Shane Bieber makes an early case for the AL Cy Young Award
Cleveland Indians RHP Shane Bieber shut out the Minnesota Twins.
Facing a lineup that set a Major League record for home runs a season ago and was the second-highest scoring offense in the league? No problem for Cleveland Indians starter Shane Bieber.
Bieber breezed through the Minnesota Twins on Thursday at Target Field. His fastball was overpowering; his curveball, a variant of a knuckle-curve, devastating. Bieber struck out 13 and allowed only three hits in his eight shutout innings. He’s yet to allow an earned run this season and improved to 2-0 as the Indians defeated the Twins 2-0.
The season is just a week in, but Bieber is making a case that he’s the best pitcher in baseball right now. On Opening Day against Kansas City, he struck out 14 in just six innings. He’s faced 50 batters this season and has struck out 27 of them, giving up seven hits and walking only one. He’s the first starting pitcher in MLB history with back-to-back starts to begin a season with at least 13 strikeouts. His 27 strikeouts through two starts within the first week of the season is also a new record, one more than Curt Schilling in 2002. And he became the first Indians starter since Jack Kralick in 1964 with consecutive shutouts of at least six innings to begin the year.
Shane Bieber is making a strong Cy Young argument
Bieber’s knuckle-curve was his biggest weapon against the powerful Twins lineup that hit 307 home runs last season and added former AL MVP Josh Donaldson in the offseason. Of his 13 strikeouts, eight of them came off curveballs, including six swinging. His final strikeout of the night came on a filthy curveball to Byron Buxton that started at the knees before precipitously dropping into the dirt. Buxton could only wave at it weakly before heading back to the dugout.

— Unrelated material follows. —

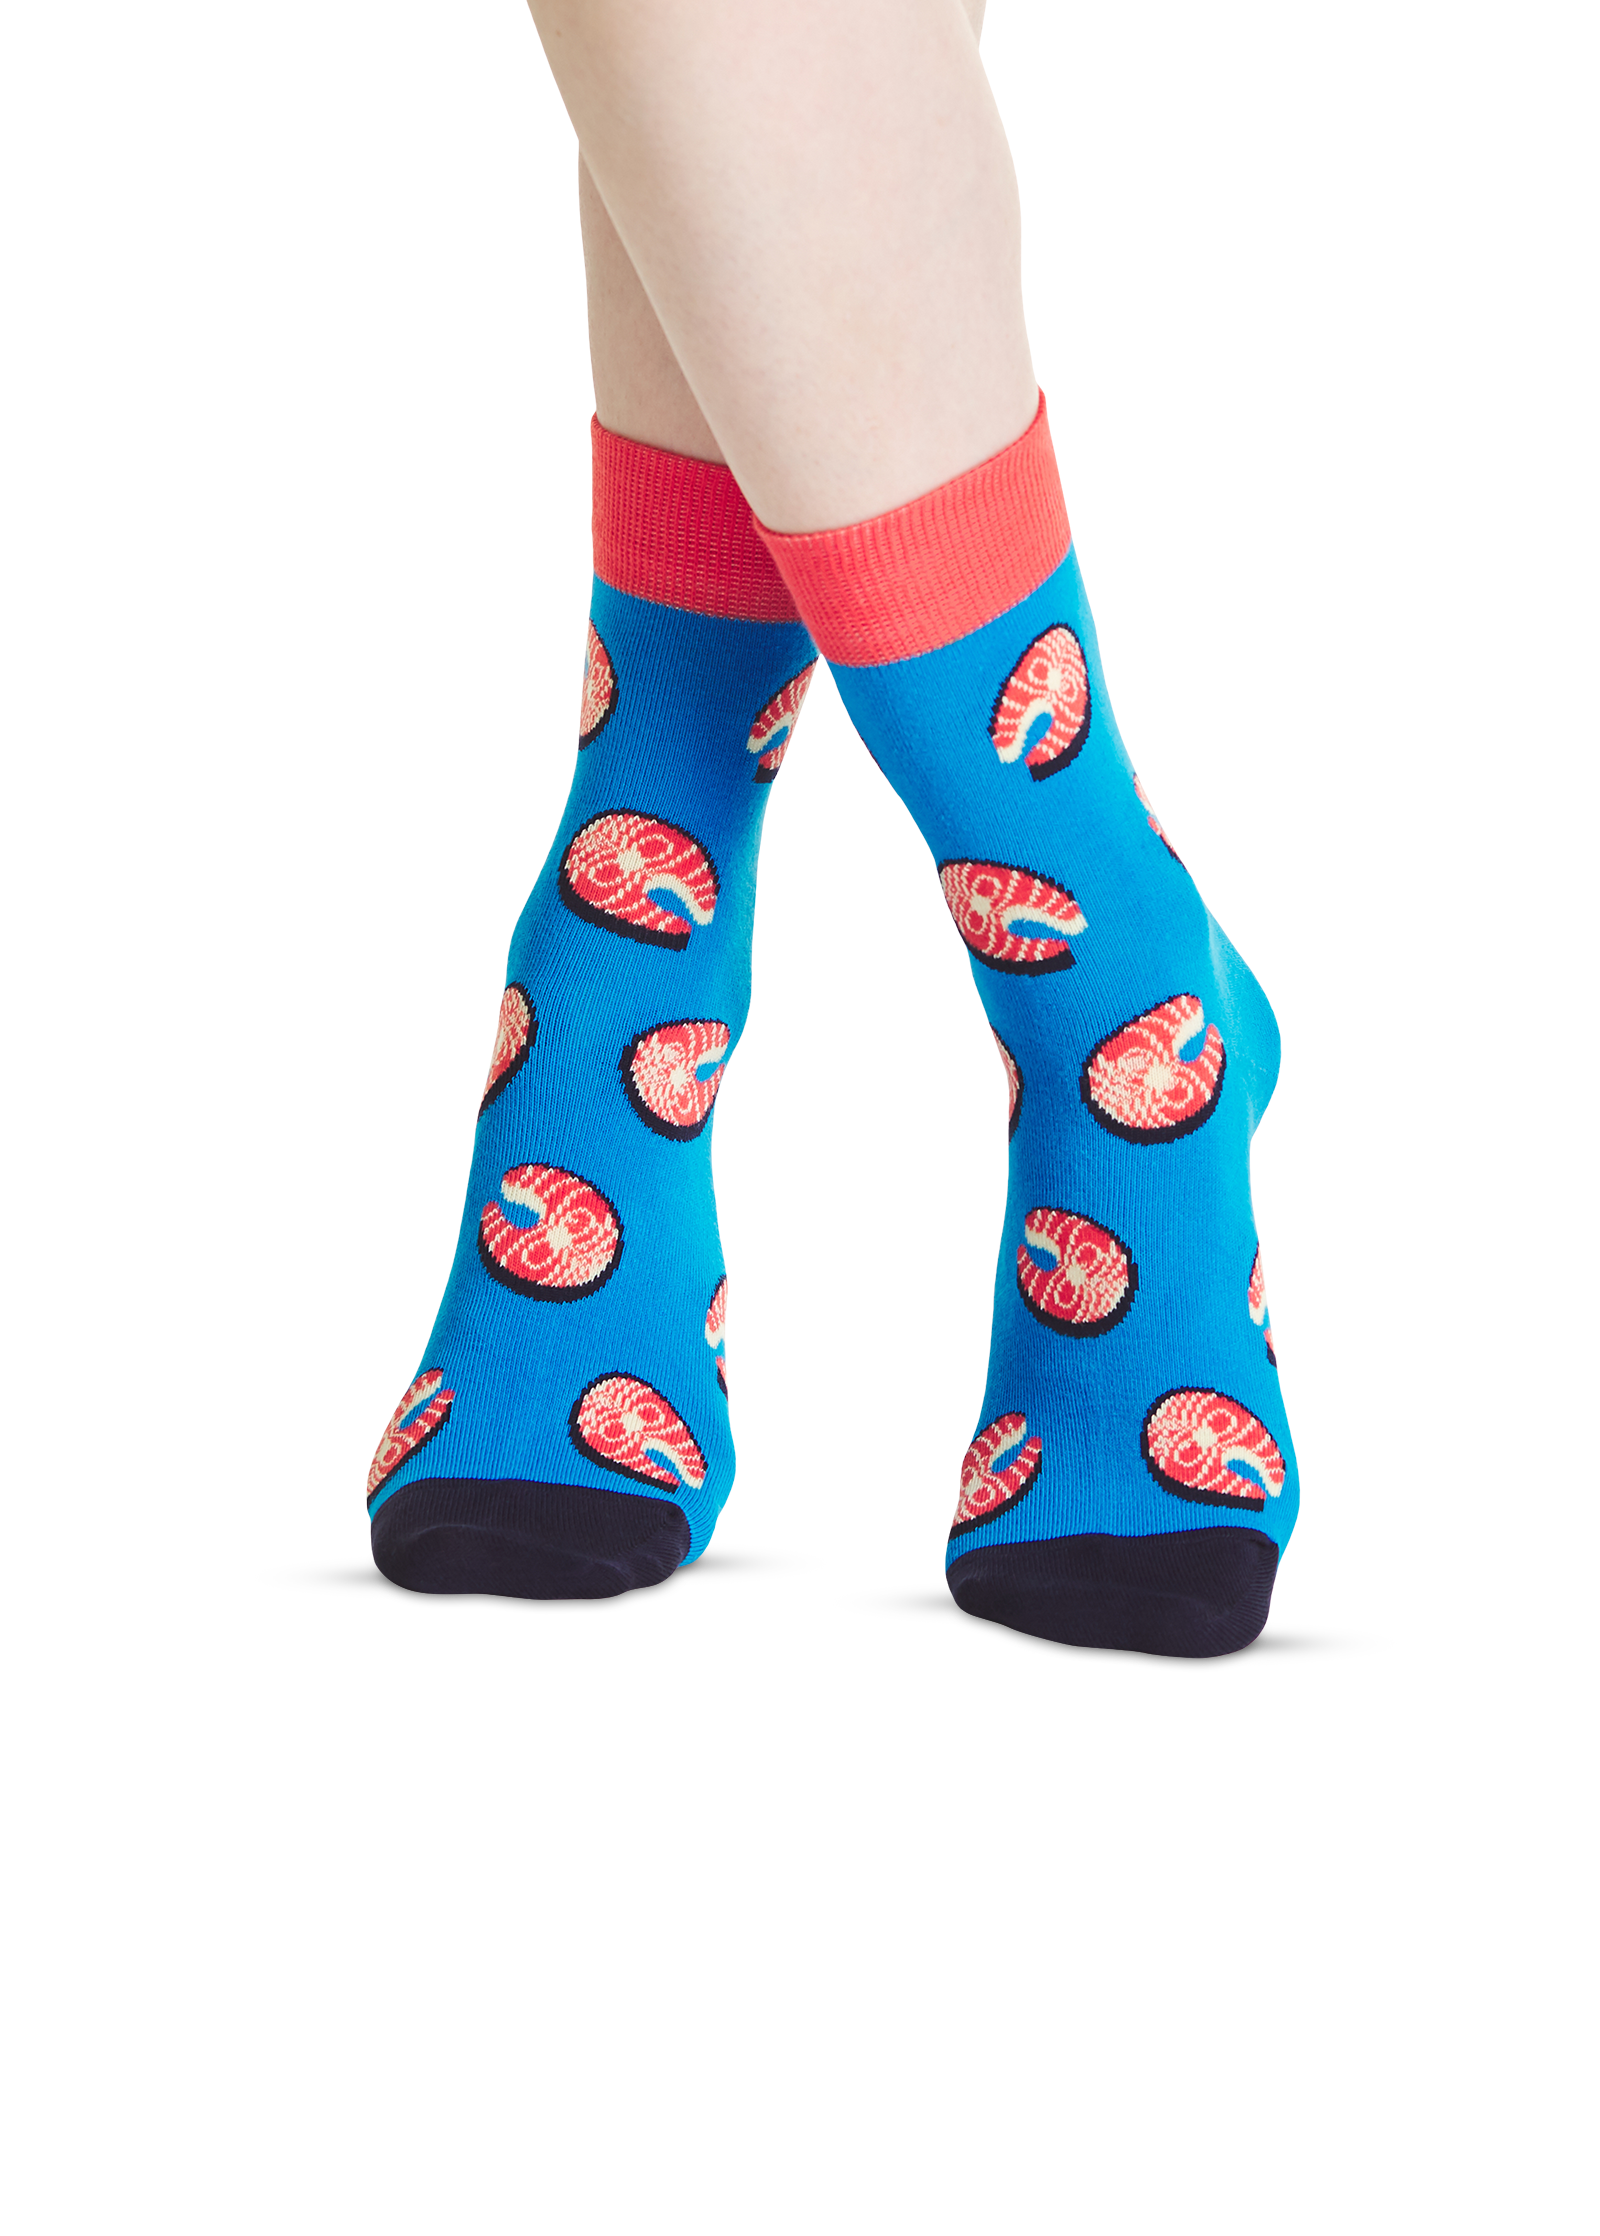 Salmon butterfly | Funny colored socks | Buy funny colored socks for ...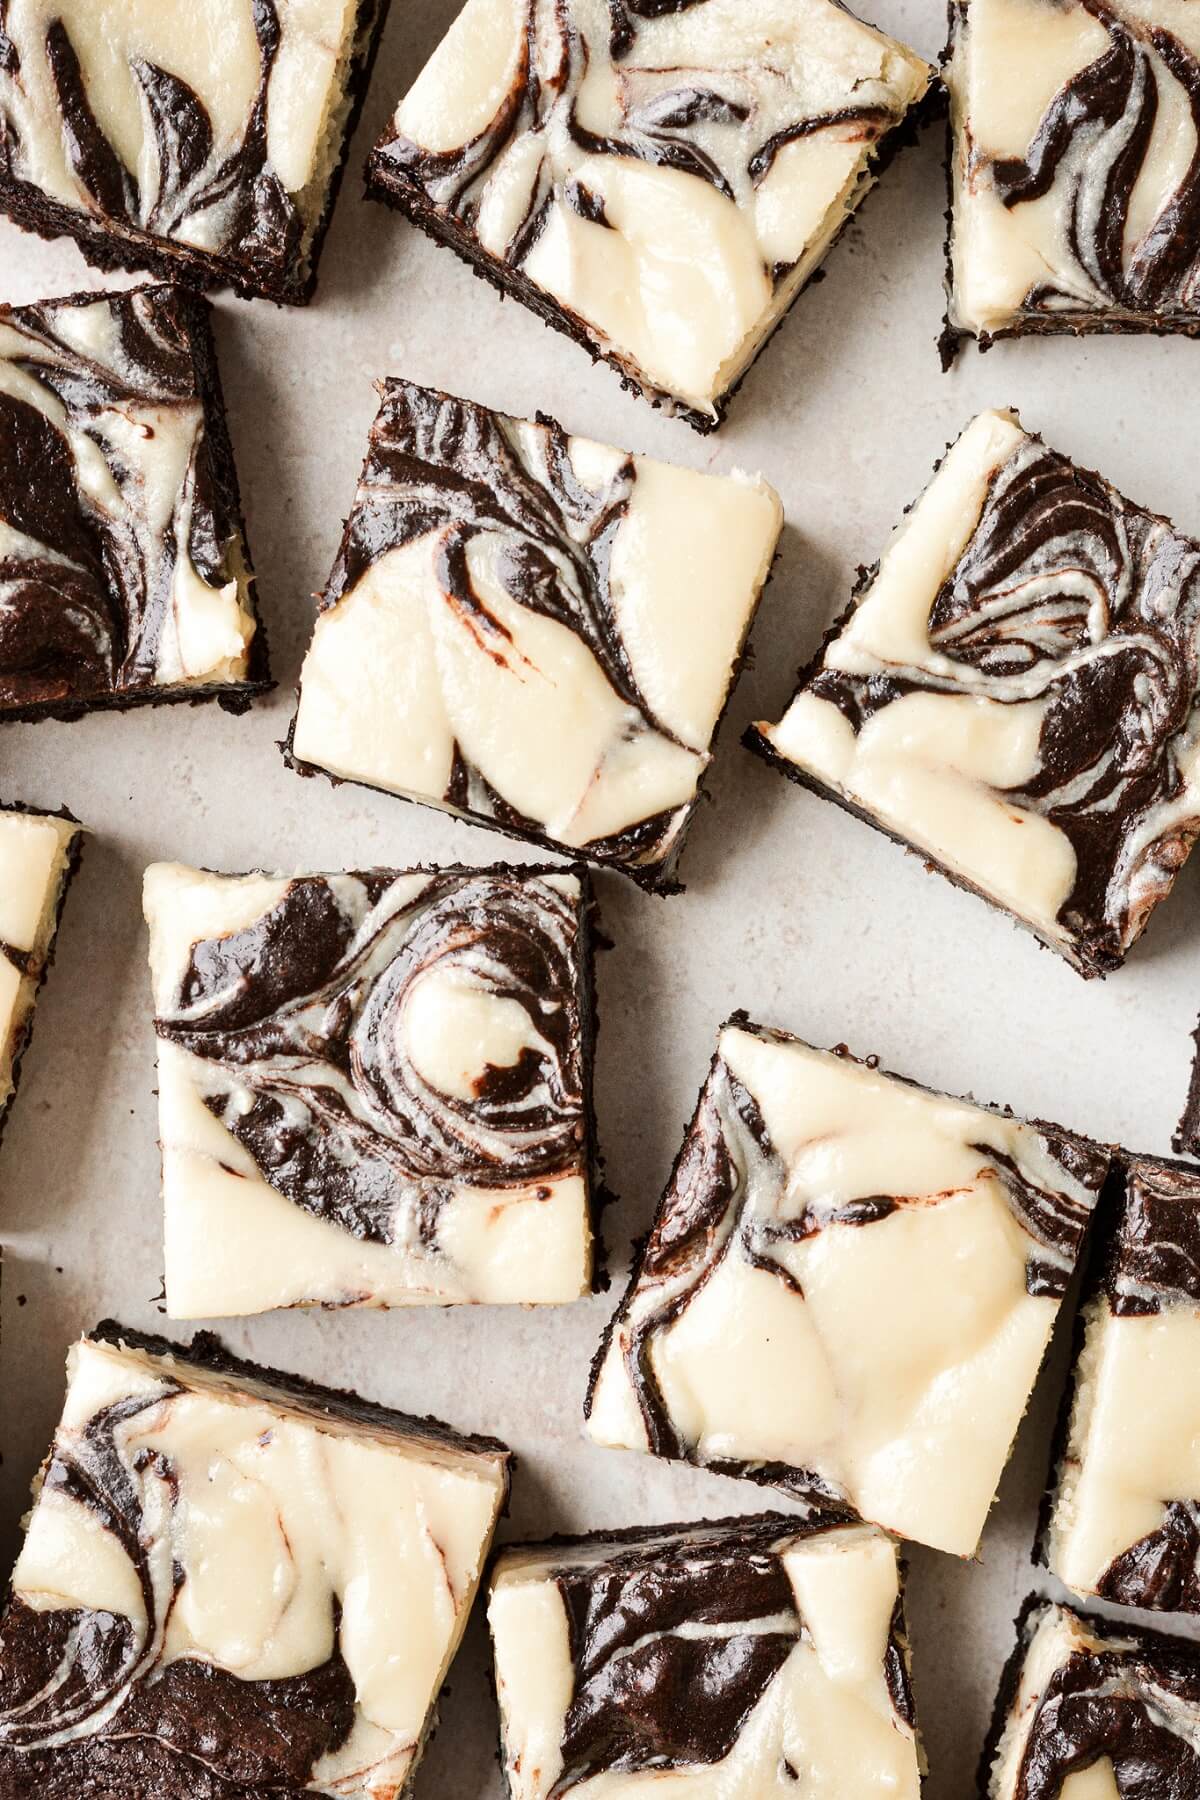 Cream cheese swirl brownies cut into squares.

Bieber threw 34 curveballs on Thursday and 43 fastballs as part of his 102 total pitches. He’s given up just two hits off his curveball this season in 20 at-bats that ended with the pitch, good for a .100 batting average against it. He’s striking out 17.4 batters per nine innings in his first two starts, a mark which would be nearly four points higher than any other starting pitcher in history.
It’s easy to believe that Bieber’s historic start came out of nowhere. After all, through his first two seasons in the big leagues, he was overshadowed in the Indians’ rotation by Corey Kluber and Trevor Bauer. He was most known for having the same name as a certain pop star. But Bieber is just building off his performance from 2019.
Bieber earned his first All-Star selection last season and won game MVP honors at home in Progressive Field. He then had a 2.81 ERA in his first 12 starts immediately after the break, including a one-hit, complete-game shutout in Toronto in July. He struck out 15 in a start against the Orioles last July and finished 10th in the league with 10.9 strikeouts per nine innings. His 259 strikeouts in 2019 were the most by an Indians pitcher within his first two seasons since Herb Score struck out 263 in 1956.
Bieber will have some competition for the Cy Young Award eventually from the likes of Gerrit Cole of the Yankees and the Rays’ Charlie Morton. But he and Lance Lynn of the Rangers are the only pitchers to make two starts this season without allowing a run yet.
The season is still too young to predict how he’ll finish it, but with how he’s pitching so far, Bieber won’t be known just as the player with a famous last name for much longer.